Деньги Дзинтон доверил Палеку. Яна немного обиделась – она не такая уже и маленькая, сколько раз сама в магазин ходила! – но обрадовалась, когда парень вручил ей список продуктов.
– У тебя, Палек, деньги будут в большей сохранности, – пояснил он. – Но с выбором покупок лучше управляются женщины. Нам, мужикам, не дано, – и он подмигнул детям. – Давайте, топайте. И не задерживайтесь особенно в городе, вам обоим не стоит особенно светиться на людях. А я пока поработаю.
Он махнул рукой и через две ступеньки взбежал на второй этаж.
Где находятся магазины, Палек знал. Точнее, он знал магазин зеленщика и мясо-рыбных продуктов. Хлебный же отдел можно найти в любом универмаге. Дети весело наперегонки бежали под теплыми лучами утреннего солнца, и их босые ступни ласкала уже не по-весеннему густая трава по бокам дорожки. Потом Палек вскочил на низкую каменную изгородь над крутым обрывом и, дурачась, запрыгал по ней на одной ножке. Далеко-далеко внизу виднелись кроны деревьев.
– Палек, дурак! – крикнула ему Яна. – Ты же упадешь!
– А вот спорим, что не упаду! – мальчик показал ей язык. – Здесь же широко. Знаешь, по каким камням я лази…

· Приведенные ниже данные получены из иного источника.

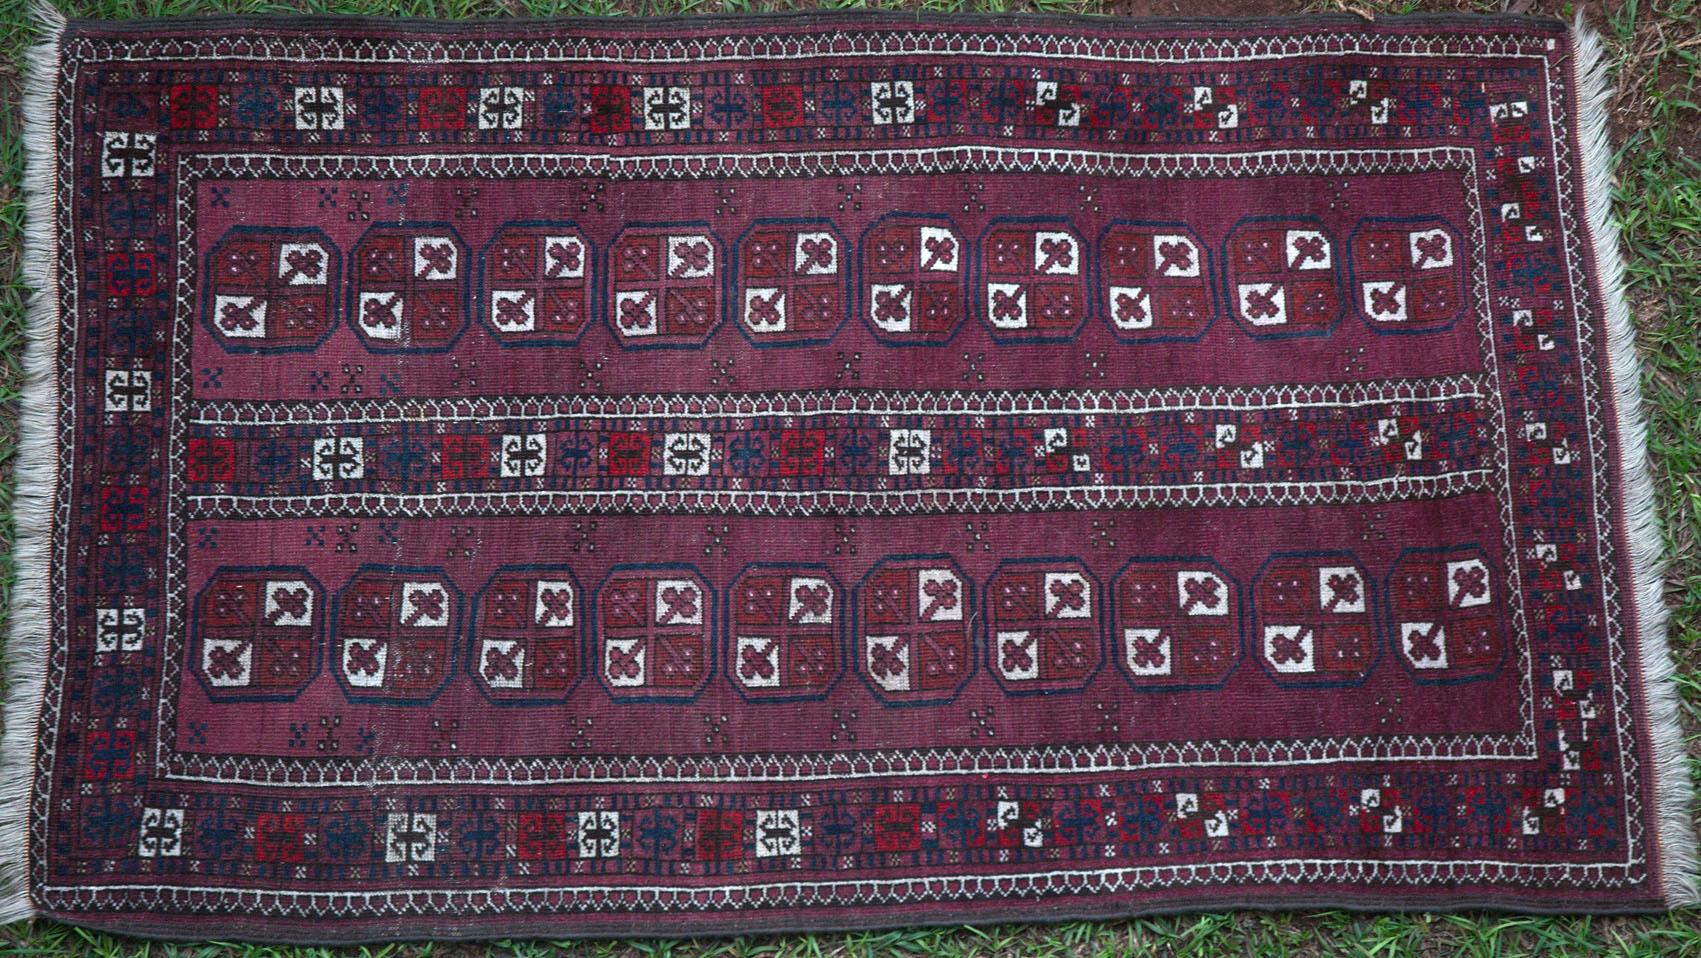 438 An Exemplary Old Turkoman Afghan Rug Www Bagface Co Uk

И тут время пошло медленно-медленно. Словно в страшном сне, Яна увидела, как оступившийся Палек, беспомощно взмахивая руками, пытается удержать равновесие. Как его непослушное тело предательски отказывается удерживаться в вертикальном положении. Как радостно распахивается внизу пропасть, ехидно ухмыляясь торчащими зубами-валунами…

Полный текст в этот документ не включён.